インターネット──小心者および卑怯者たちがかならず分け入るといわれる、あの伝説の獣道《けものみち》。そこでは匿名性のなかに身をひそめて自己を肥大化させ、文字にするのが憚られるほどの過激さと、蛇のごとき執念深さをもって他人を貶めて愉快がっている心ない人間がうじゃうじゃいると聞く。
ざっくりいうが、そういう人間は「したい」という欲求を「しない」と抑え込む自律心を欠いているのだ。虫酸《むしず》が走るというか、えげつないというか、かかわりたくないおぞましい連中である。「卑しい感情」をもつのは仕方ないが、それを実行してしまう「卑しい人間」になってはいけない。
おそらく、そうした彼もしくは彼女が最後に見るものといったら、自分の手で燃やしてしまった金閣寺だけであろう(若い人よ、人間は記憶というものに苛《さいな》まれる動物でもあるのだよ。早いうちに足を洗いなさい。さもないと、忌まわしい記憶に苛まれて人生を台無しにしてしまうよ)。いずれにしても、人を批判するときは、黒帯をしめて堂々とやることだ。
では、そうした卑しい人間の中傷から己れを守る術《すべ》はあるのだろうか。
たったひとつだけある、と平蔵は無言のうちに述べている。
それは、他人の評判のうえに自分の安心感を築こうとせず、己れのやるべきことを自覚して、そのことにひたすら打ち込むことだ。

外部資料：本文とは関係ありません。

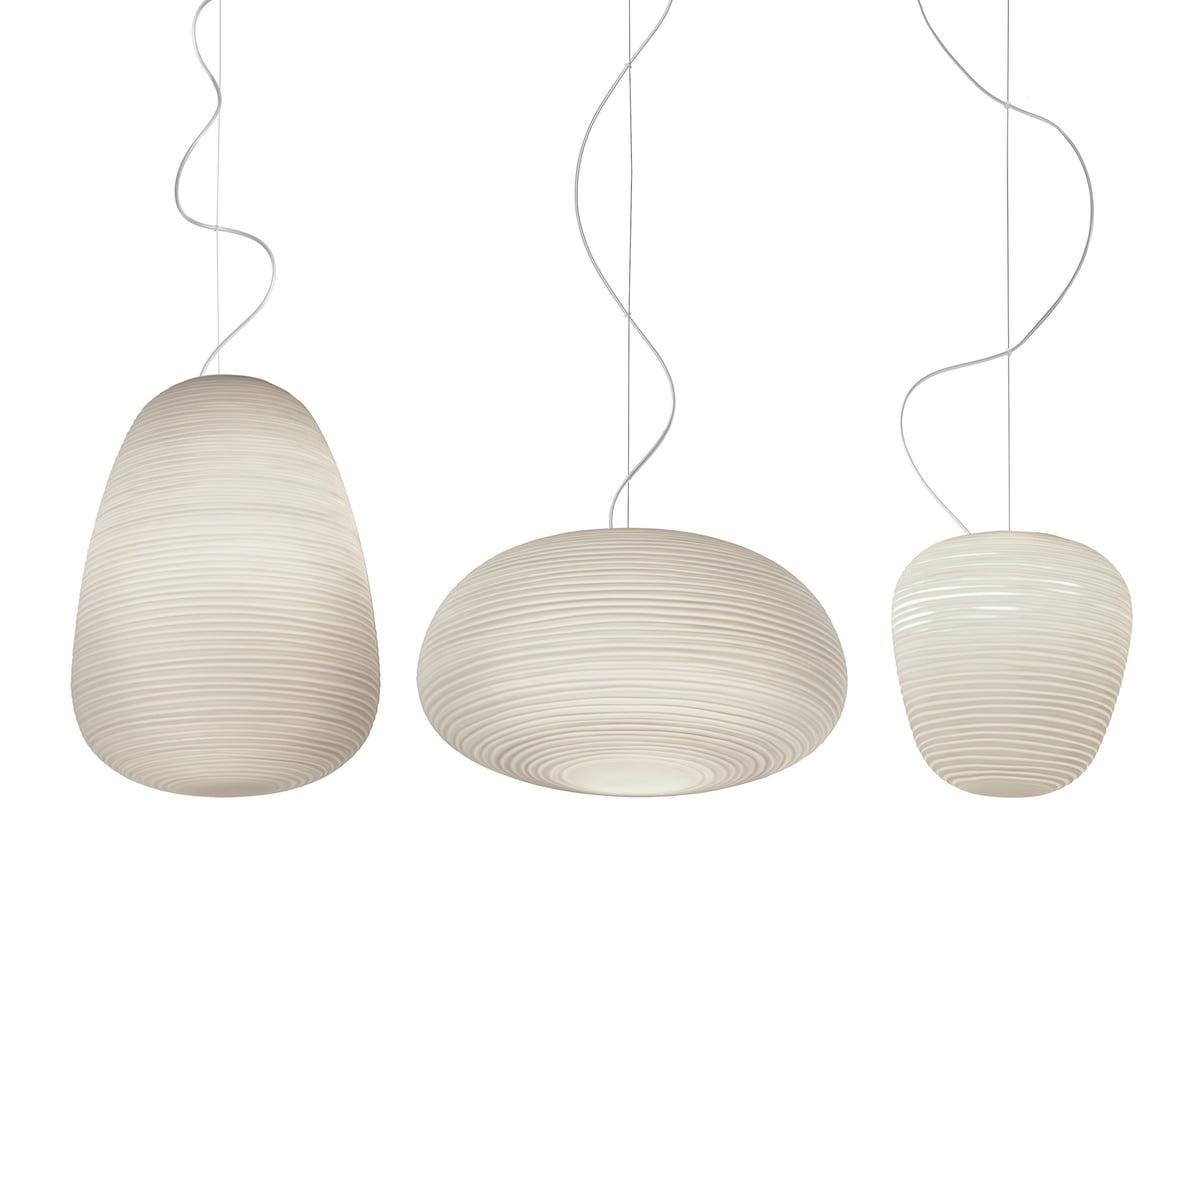 Rituals pendant lamp by foscarini in the shop foscarini rituals pendant lamps aloadofball Images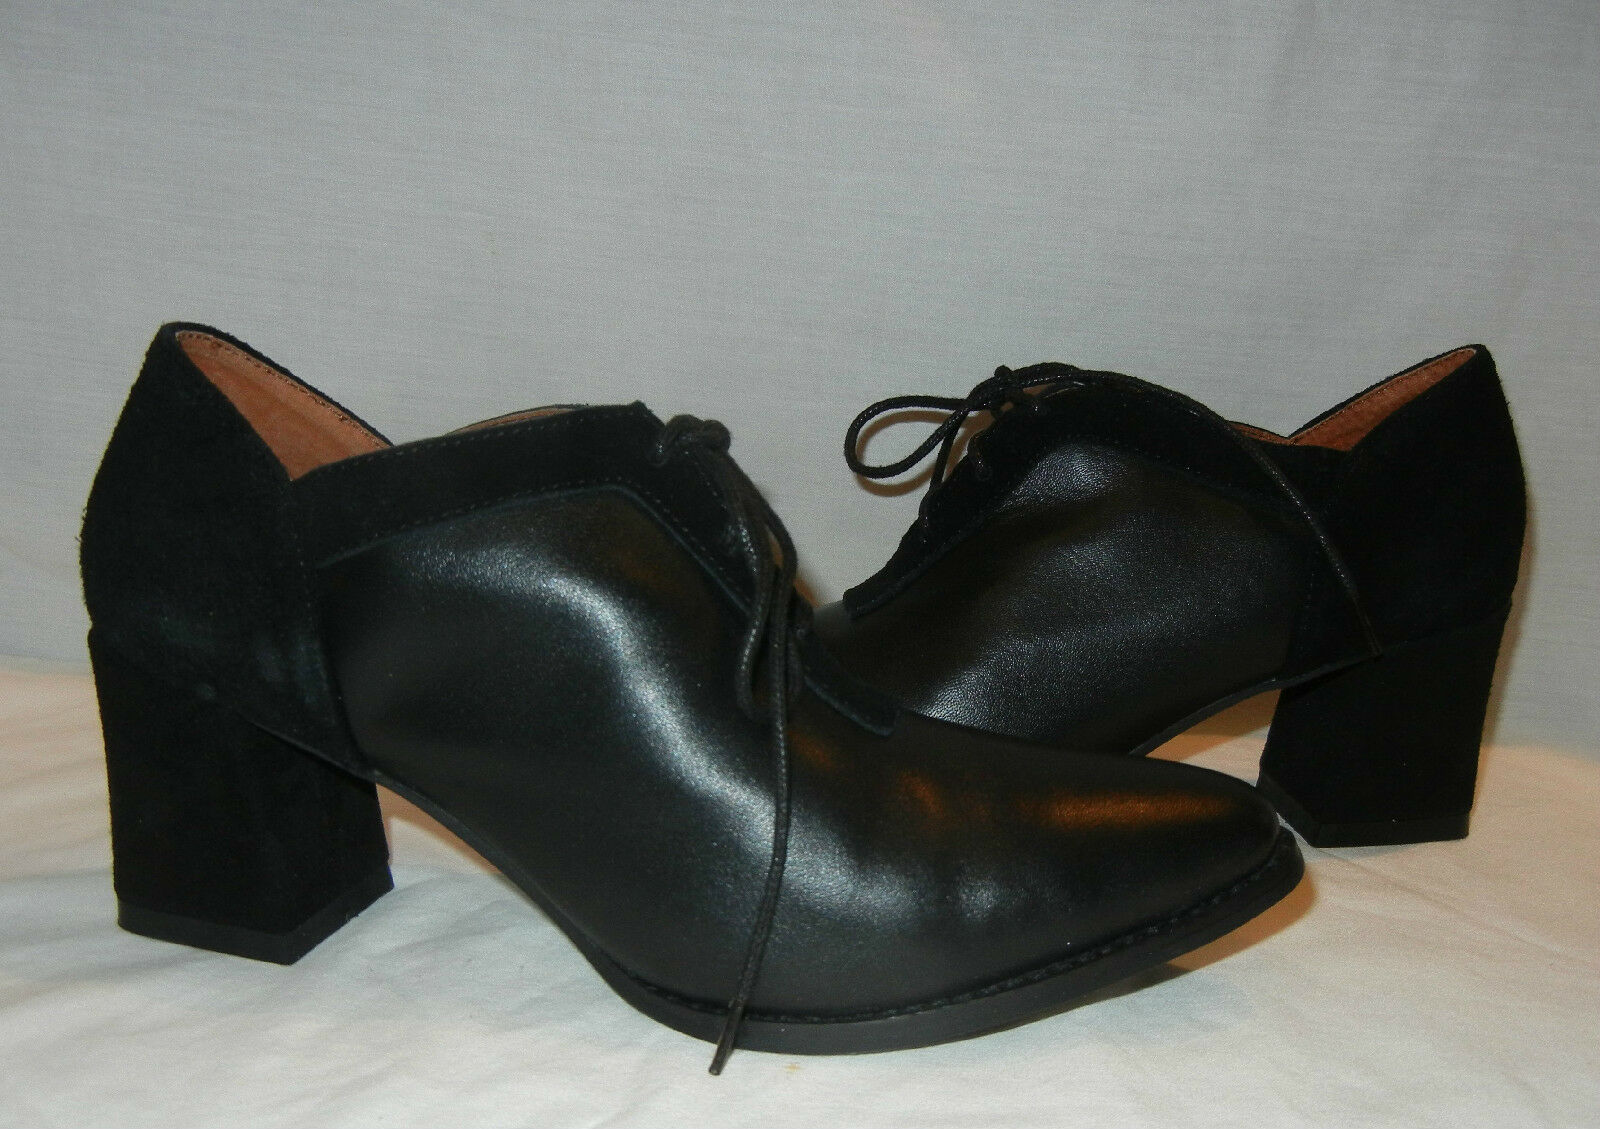 Kobe Husk Women's Hankster Black Leather Lace Up Heels Retail  170 size 9

小人《しようじん》の不善などにかまけている時間はないと強く自分に言い聞かせて、中傷をまったく意に介さないことである。謂《いわ》れなき非難中傷は黙殺するに限る。とにかく素知らぬ顔で受け流してしまうことだ。
じっさい平蔵は、これら中傷に対していっさいの反論をせず、自暴自棄にもならず、身を粉にして万策を講じ、ついには葵小僧を捕縛するのだった。